### WHAT YOU HAVE TO DO:
Would you retype exactly the lines below, starting with the one that has "Armed Gang – The Armed Gang LP 01" and going on through the one that has "Город грехов 2", with no pictures and nothing else?

### DATA TO PROCESS:
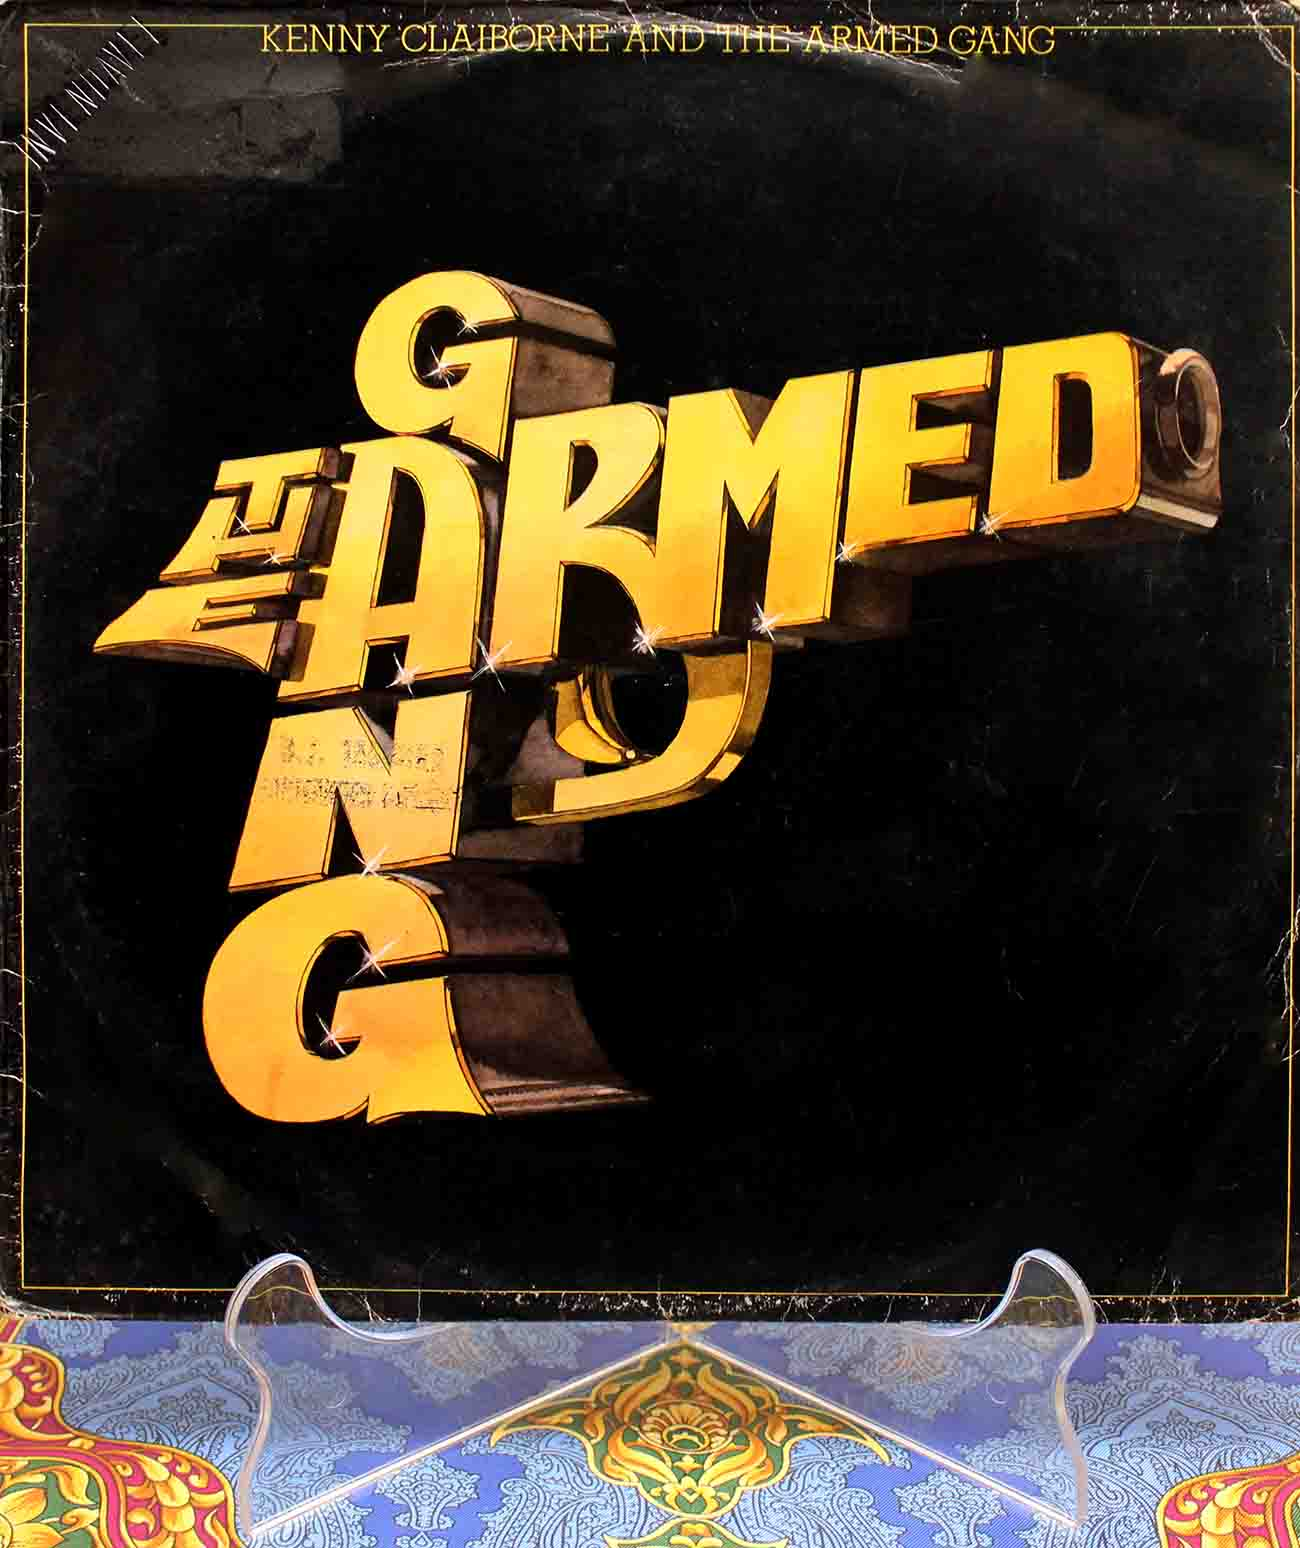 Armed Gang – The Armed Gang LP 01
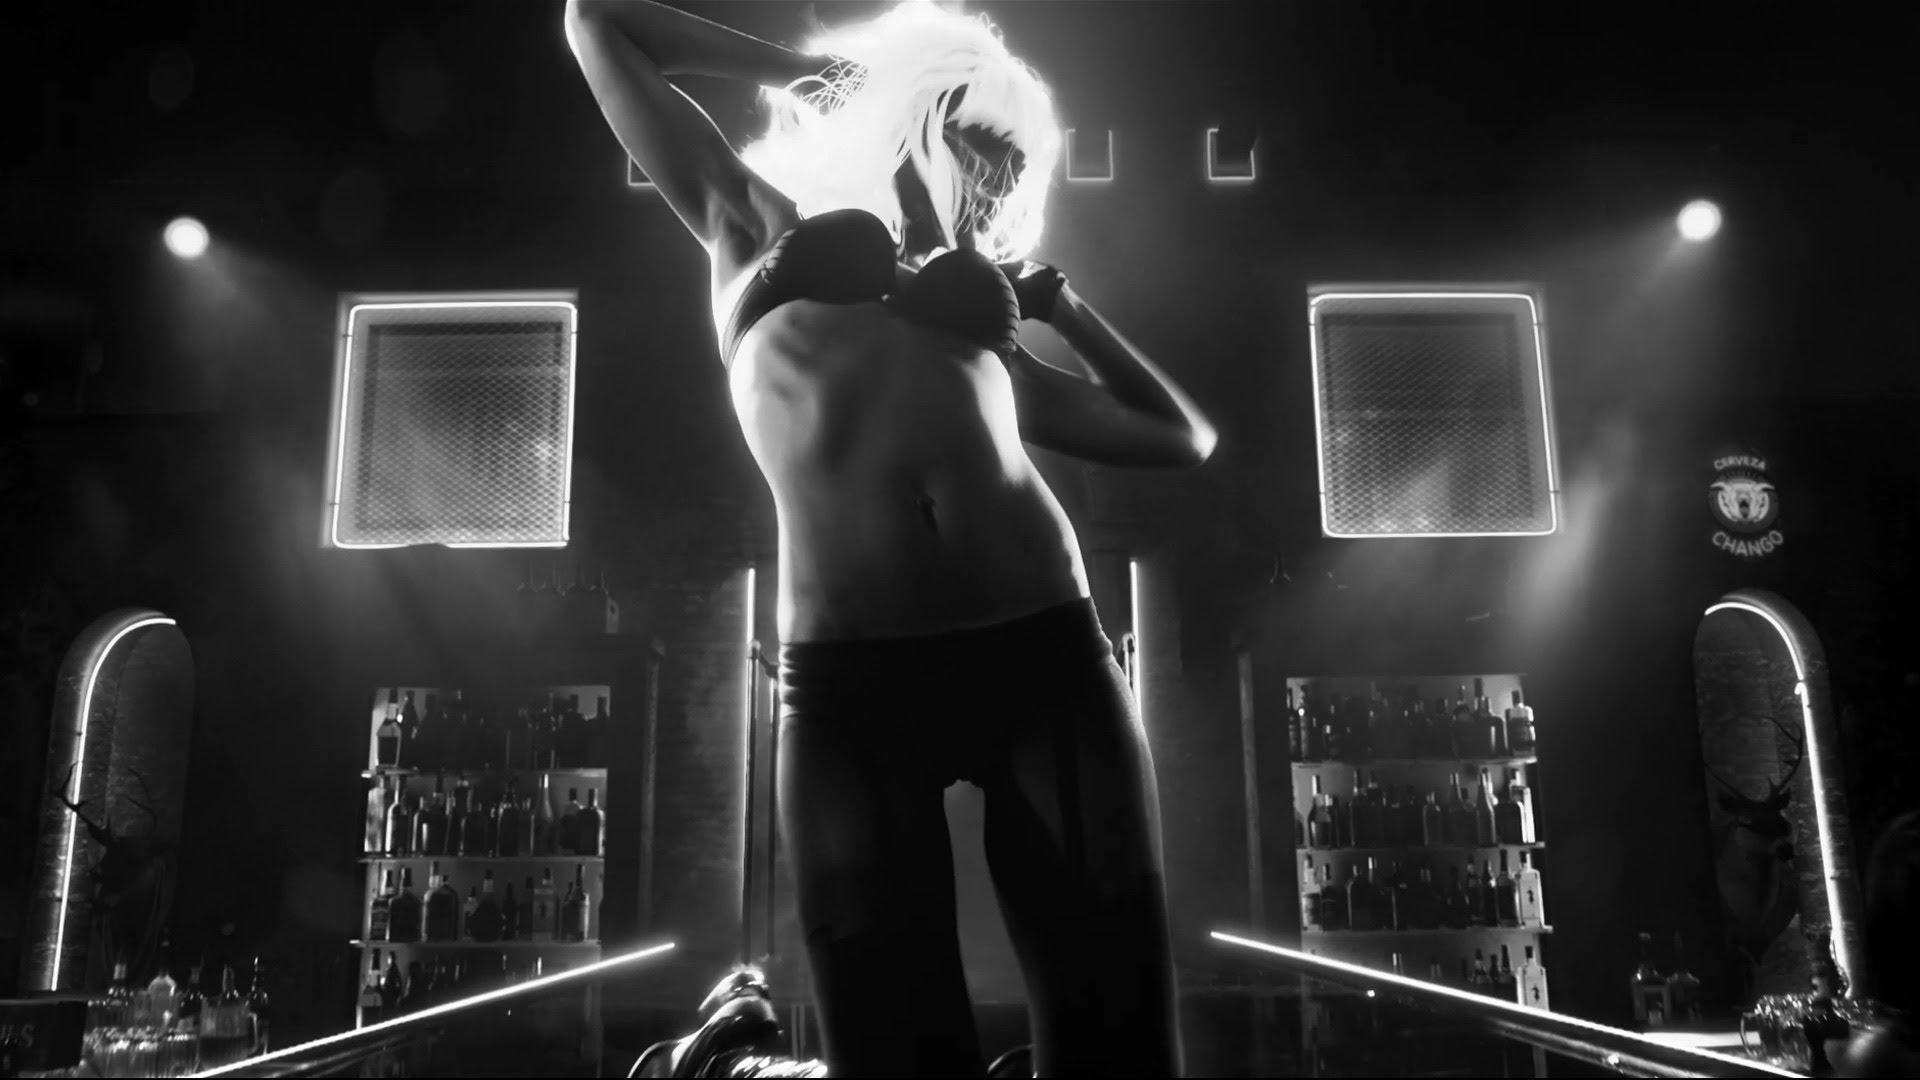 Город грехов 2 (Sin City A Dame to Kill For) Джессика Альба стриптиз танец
==
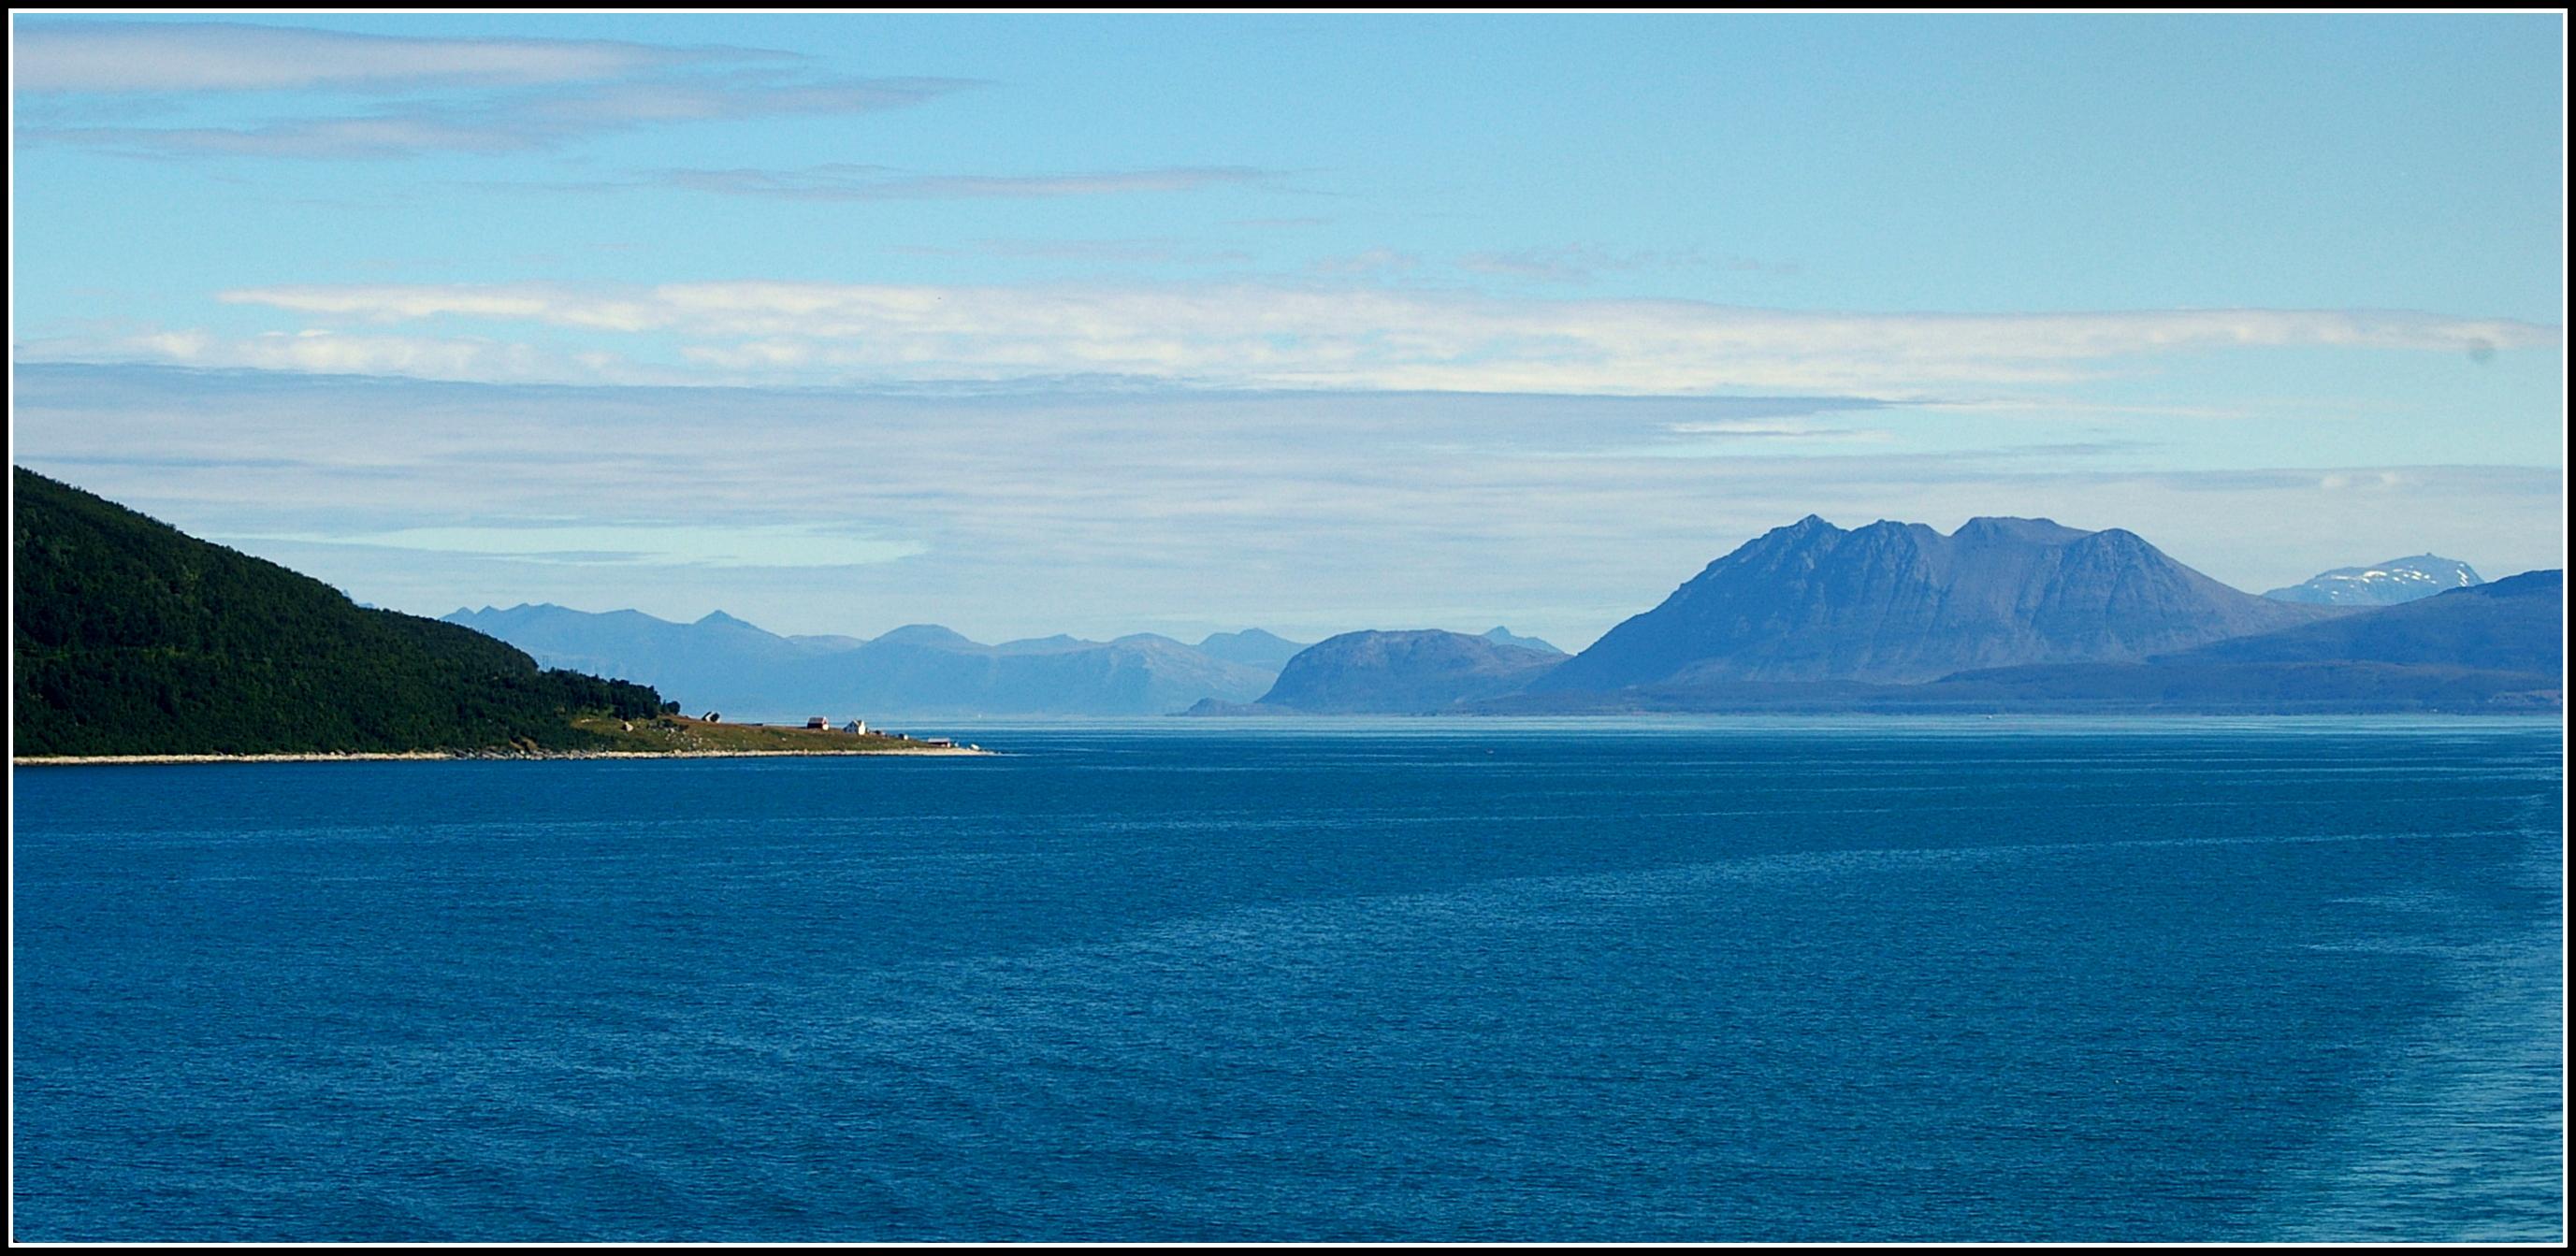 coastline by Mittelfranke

### EXERCISE RESPONSE:
 Armed Gang – The Armed Gang LP 01
 Город грехов 2 (Sin City A Dame to Kill For) Джессика Альба стриптиз танец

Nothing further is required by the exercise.